The HotStart model is appropriate for attacks in which the system can or must respond transparently to the user. Suppose an attacker introduces a corrupt binary executable at a particular site and uses that executable to launch an availability, trust, or integrity attack. The attack can be handled with a HotStart model if two conditions hold. First, the attack must be detected early enough that damage is confined to the executable. Second, a hot standby of the executable—an uncorrupted standby, preferably at a different location—must be available to take over. The hot standby effects a recovery transparent to the user, even though the system is in a degraded state. It is still necessary to identify the path by which the adversary introduced the corrupt binary, disable that path, and restore the proper binary from a back-up store.

The defender must respond in a way that limits damage, maintains system availability, and allows recovery of full operating capabilities.

Sometimes it is not possible to hide the effects of an attack from the users, and in these cases a WarmStart model is desirable. Damage can be confined such that key services are available, trustworthy, and reliable. Nonetheless, the users are aware of the attack because the system is visibly degraded. The exact level of service depends on the extent of the attack. Some functionality may be missing, untrustworthy, and/or based on incorrect information. Key mechanisms for managing WarmStarts are checkpoints for quick recovery and audit trails for intercepting the attacker.

A WarmStart response to an availability attack results in nontransparent but automated recovery from confined damage. A WarmStart response to a trust attack means that some system operations—but not others—can be trusted while the response to the attack is under way. A WarmStart response to an integrity attack means that some system functionality—but not all—is enabled.

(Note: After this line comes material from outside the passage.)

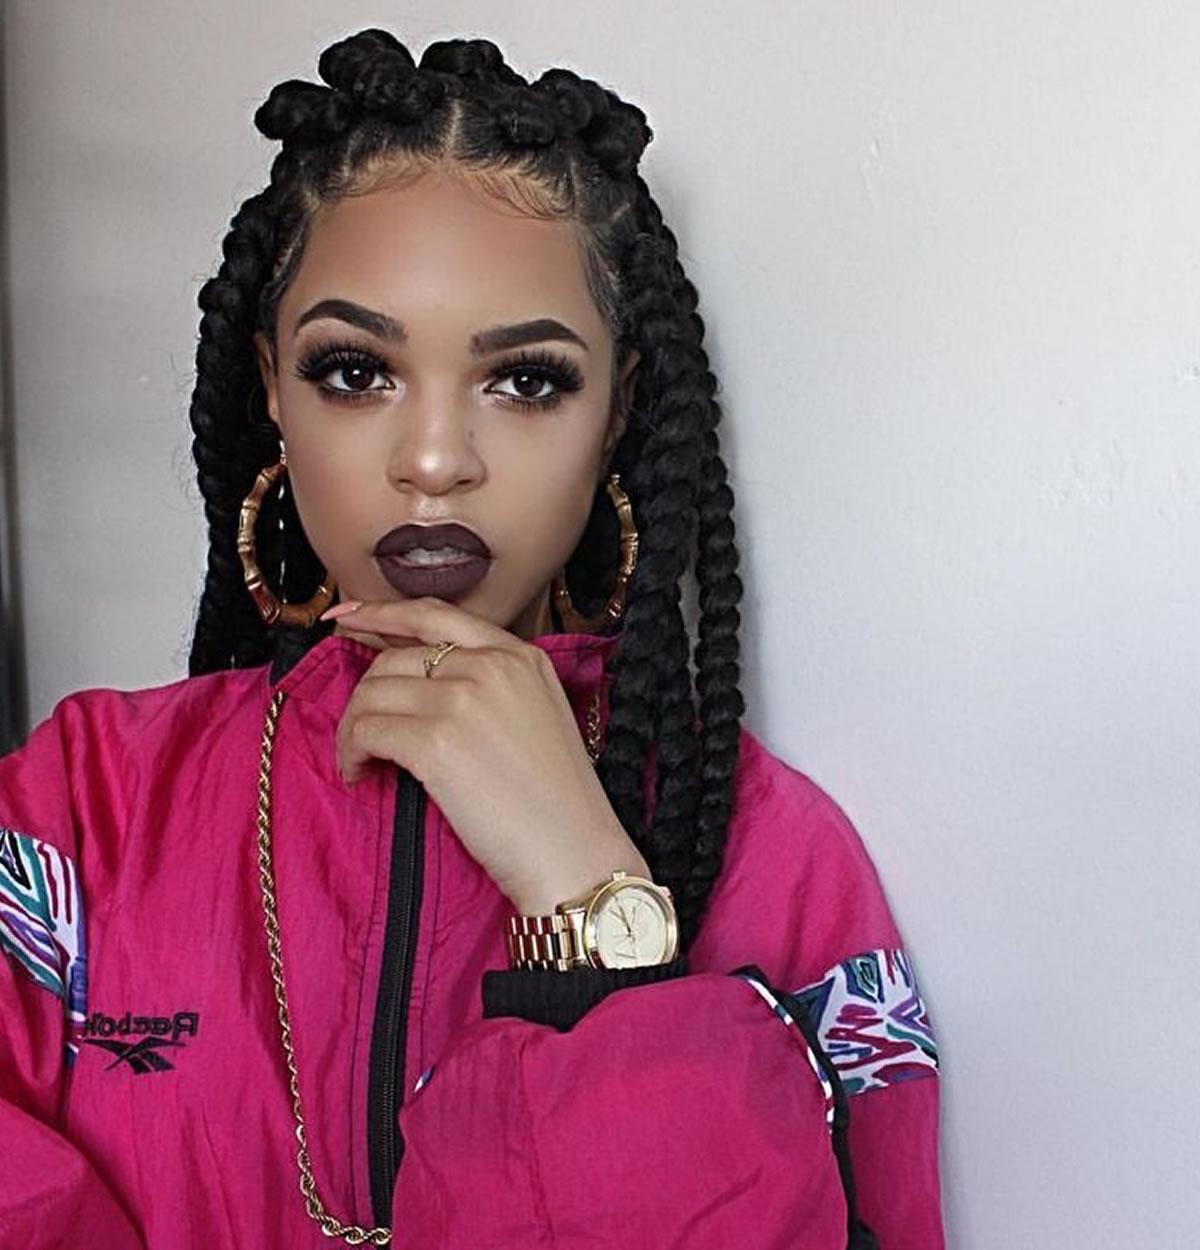 Short, Medium And Long Hair Ideas & Hairstyles For Black Women 2018 Regarding 2017 Black Woman Medium Haircuts (View 6 of 20)

The ColdStart model is appropriate for the most severe attacks. The chief difference from the WarmStart model is that the attacker succeeds in halting the delivery of system services. The goal of the ColdStart recovery is to bring the system back up as quickly as possible to a usable, trustworthy, and consistent state. Policies and algorithms are required to support efficient ColdStarts. Compensation for unrecoverable components—for example, leaked information—is also crucial.

Our focus responds to the need to defend against subtle corruption of information.

Recovery methods. In this section, we list several methods that could be used to deal with some aspect of recovery. Each of these methods can be investigated in relation to the three recovery models: HotStart, WarmStart, and ColdStart.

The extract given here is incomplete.